Building the base graph

  1. Add the base model

    Click + Node → Model and select your foundation model from the registry (e.g., llama-3-8b-base). The Model node exposes the model as a tensor producer.

  2. Wire in adaptation data

    Add a Dataset node pointed at your fine-tuning corpus. Add a Logic tokenize node configured for the model's tokenizer. Wire Dataset → tokenize → Model (training input).

  3. Configure training

    In the Model node's Config tab set:

    • mode: lora
    • rank: 8
    • lr: 2e-4
    • epochs: 3
  4. Add eval

    Add a held-out Dataset node for evaluation and a Logic eval/perplexity node. Wire the model's output and eval data into it.
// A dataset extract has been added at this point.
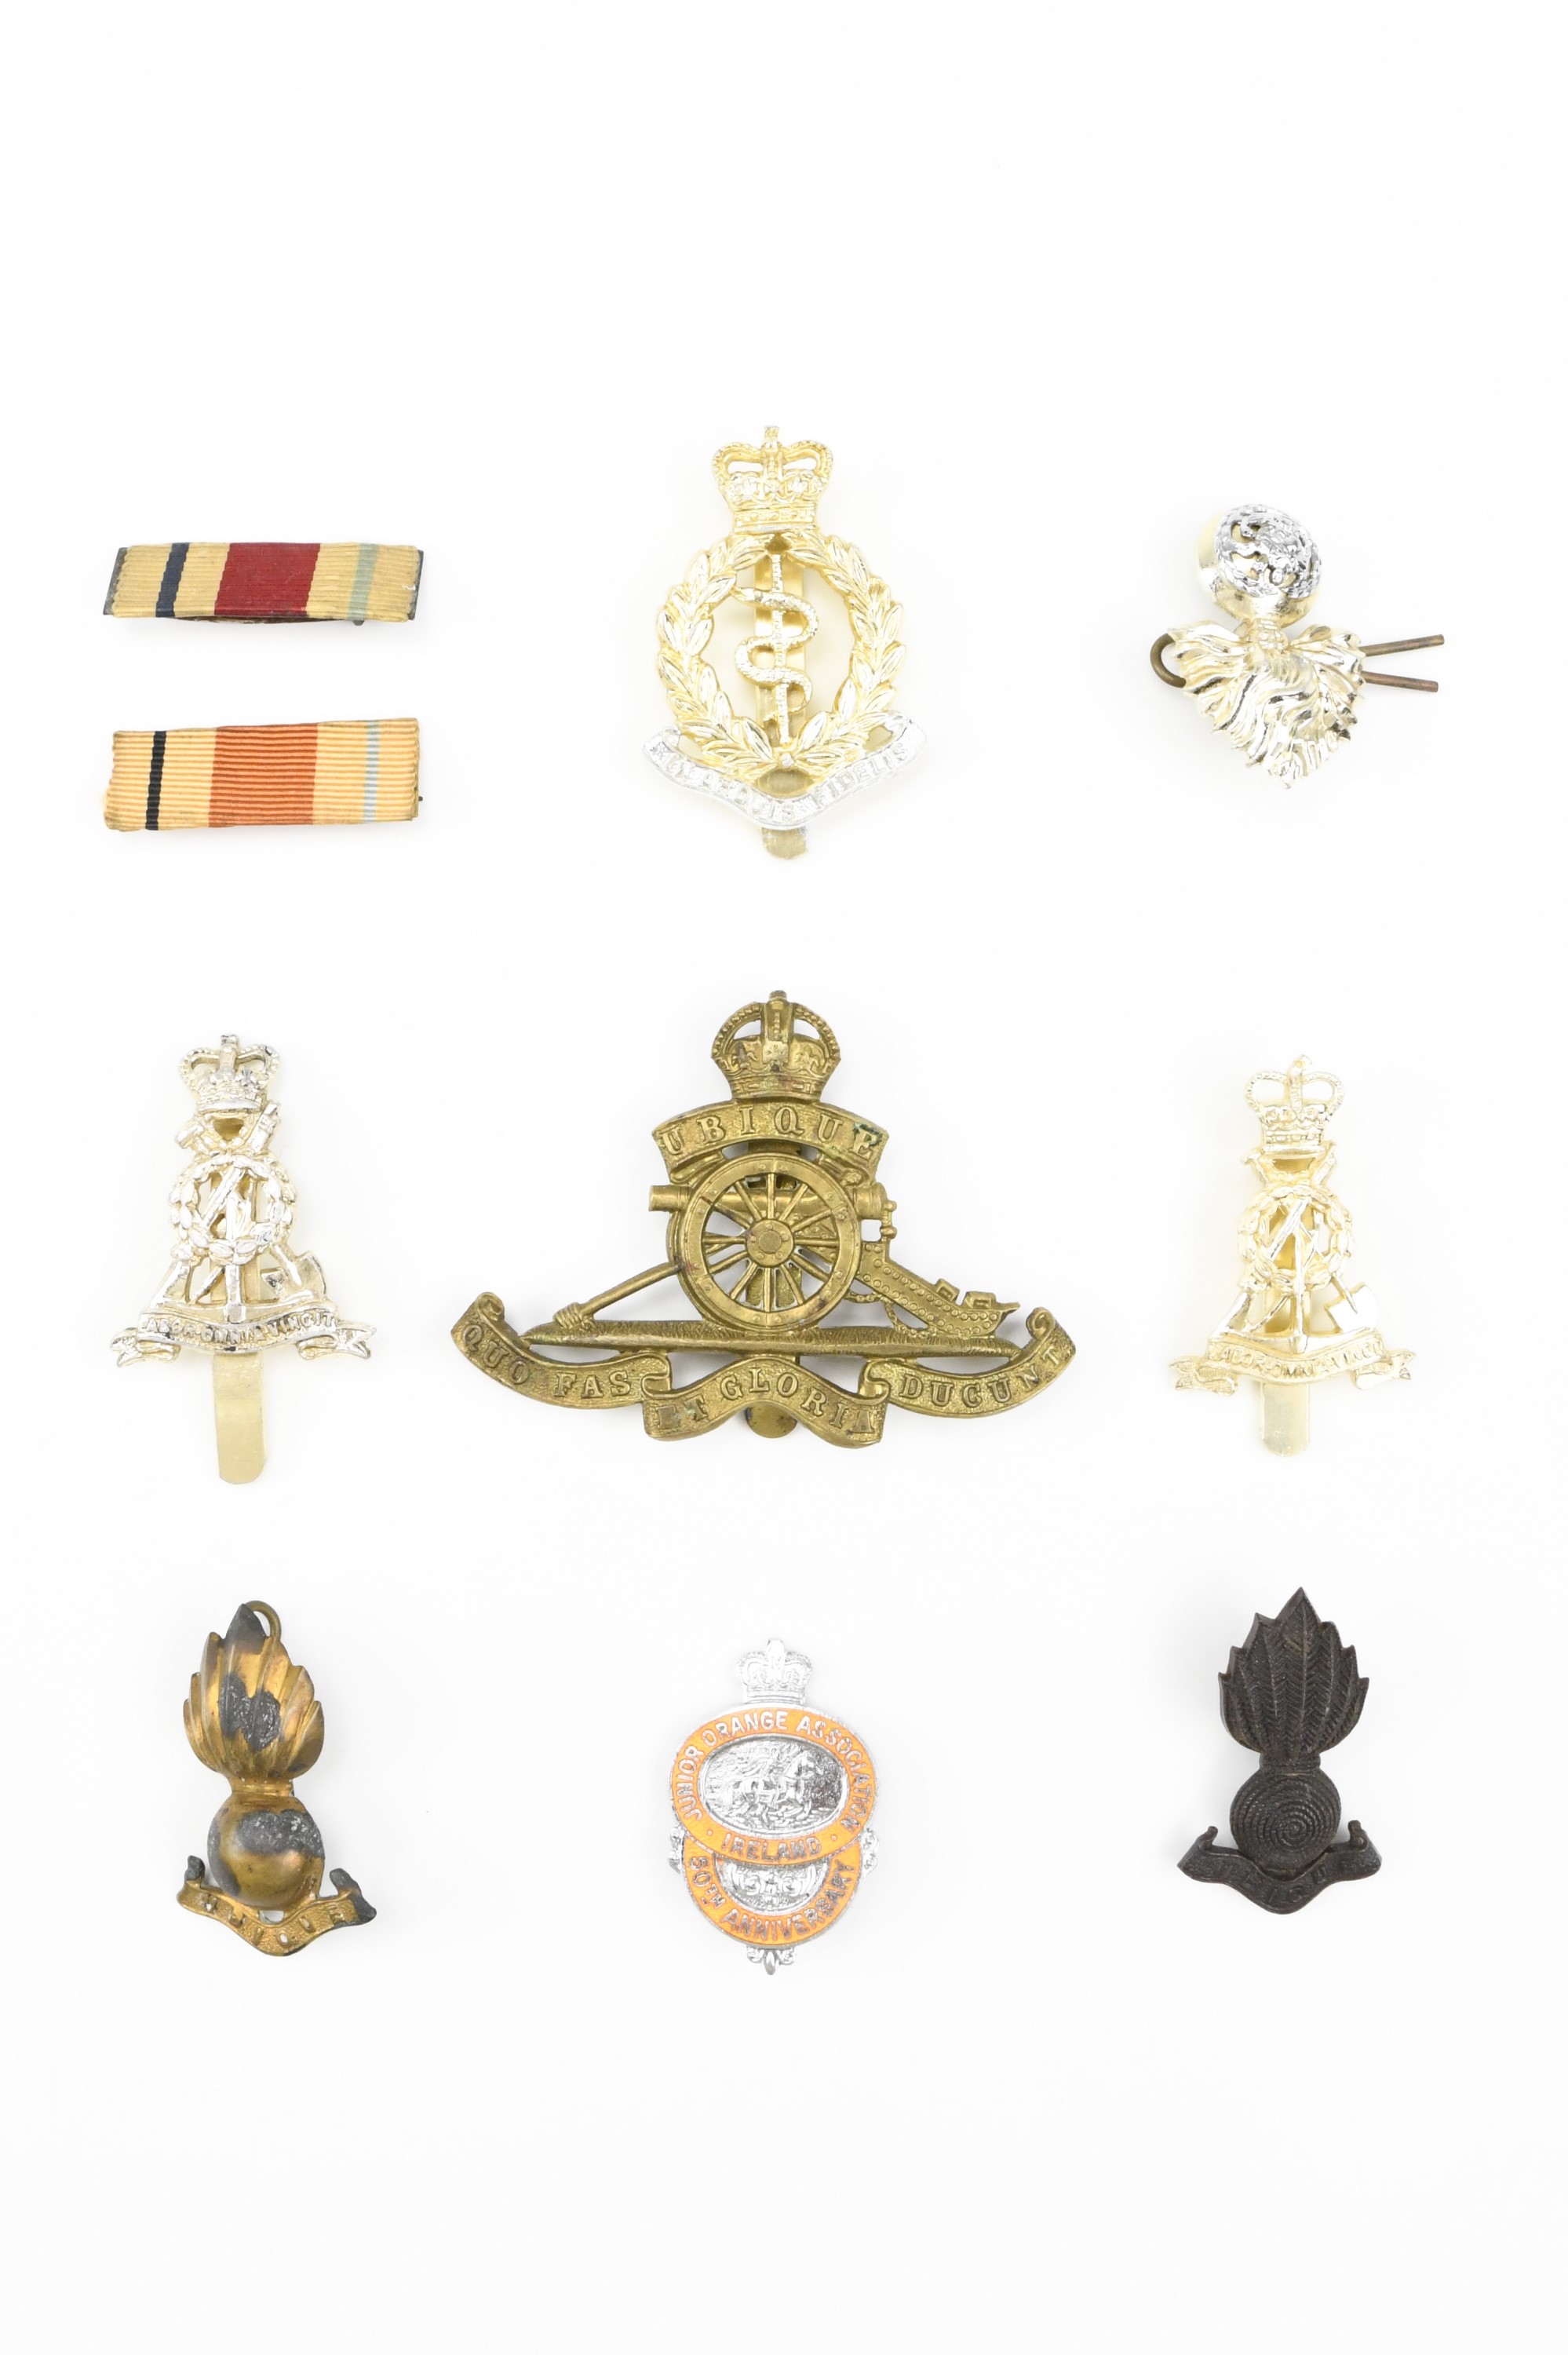 A small group of military insignia and medal ribbons including Staybrite cap badges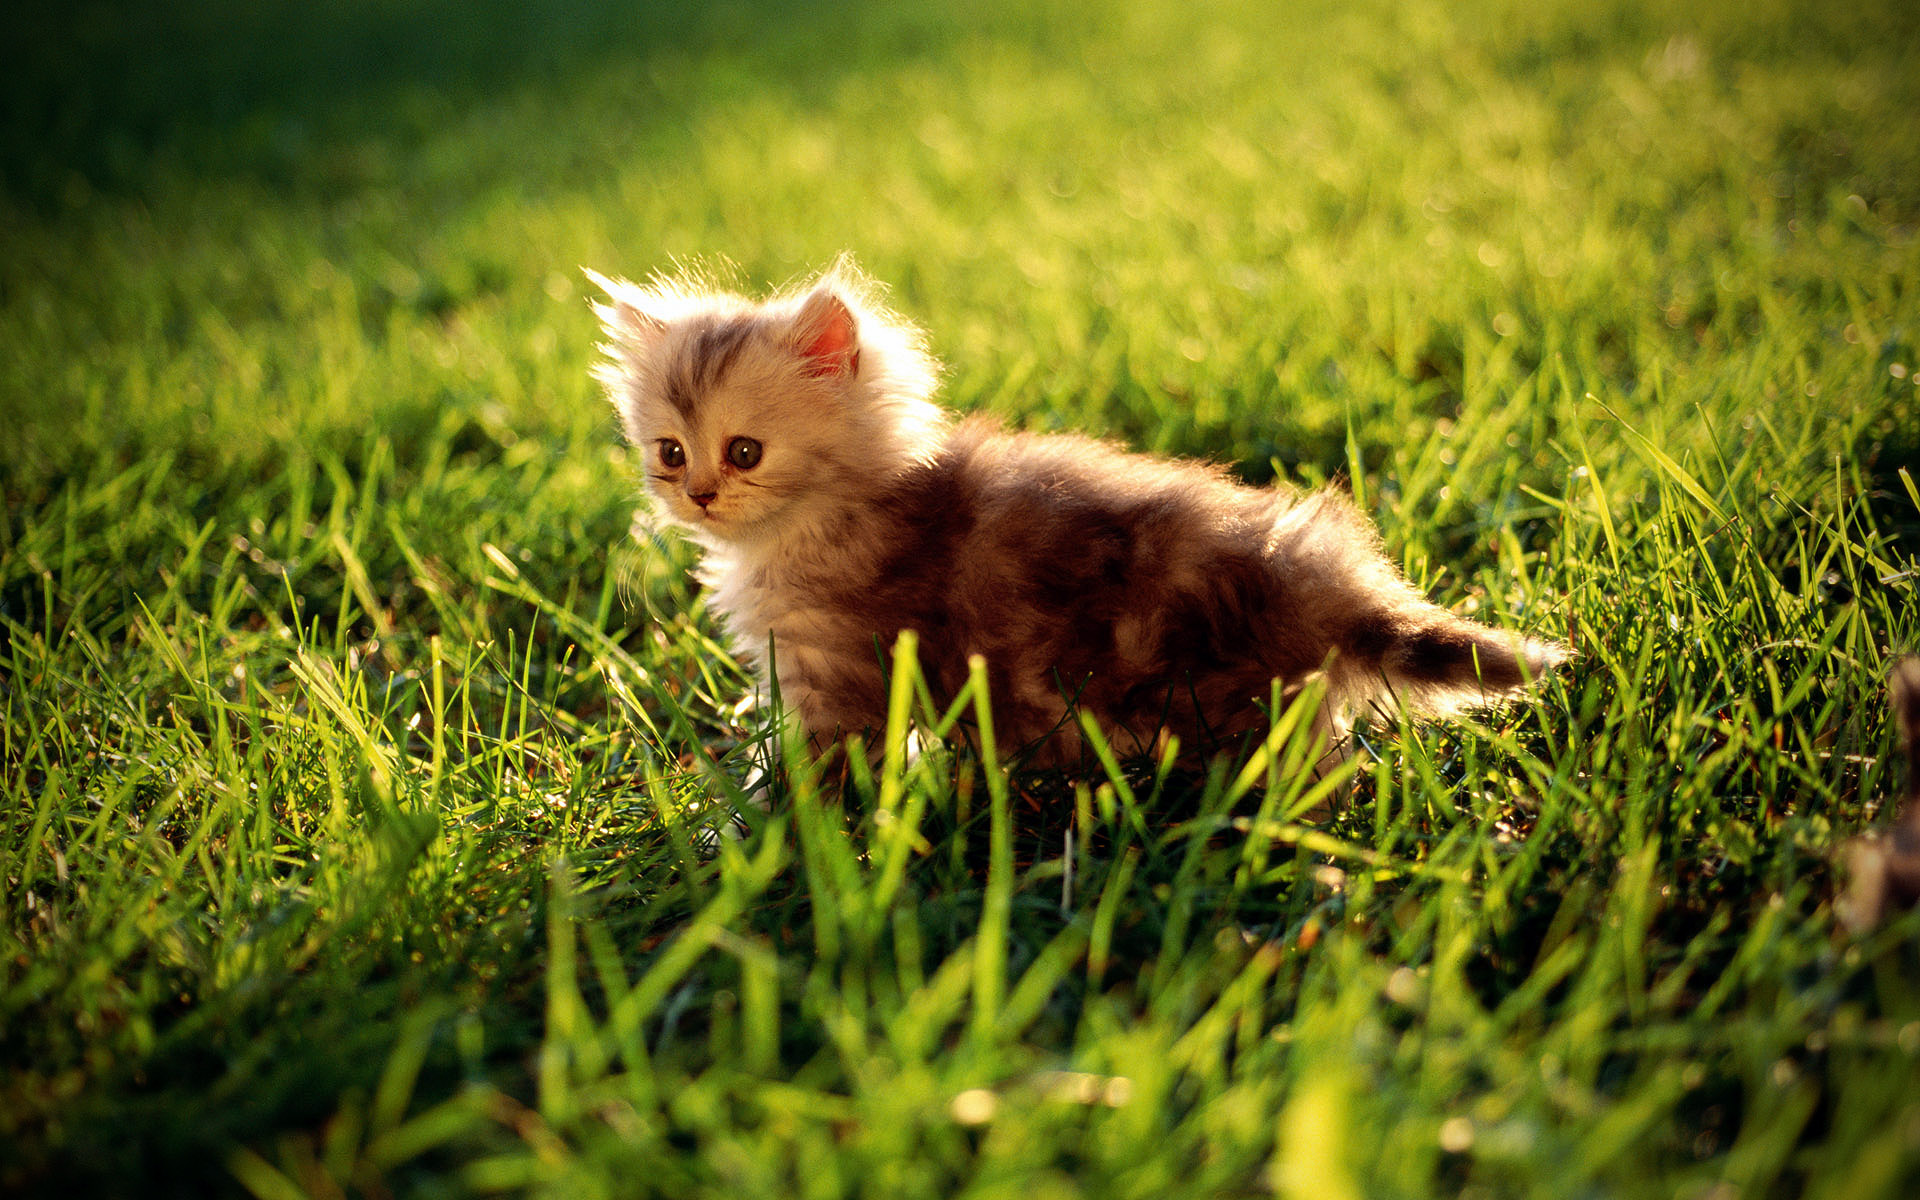 Cat, Cute, And Kitten Image - Pretty Pictures Of Grass - HD Wallpaper

Running a hyperparameter sweep

Variants are the right tool for sweeps. Each combination of hyperparameters gets its own variant:

LoRA rank sweep

Same pattern — one variant per rank value. Because LoRA training is cheap, sweeping ranks 4, 8, 16, 32 in parallel is the fastest way to find the right tradeoff.

Managing checkpoints

Each successful run produces a checkpoint, recorded in the Model node's Run Data tab. Promote one with the Star action — starred checkpoints get a tag like baseline, candidate, or shipped that you can filter by from the Graphs Hub.

Exporting the winner

Open the starred checkpoint, click Export, and pick a destination — Hugging Face, S3, a local download, or a registered internal registry (if your workspace has one configured).

Tracking what you tried

Hidden variants stay in the project. Don't delete failed sweeps — hide them. Six months later when someone asks "did we try a higher LR?" the answer is one click away.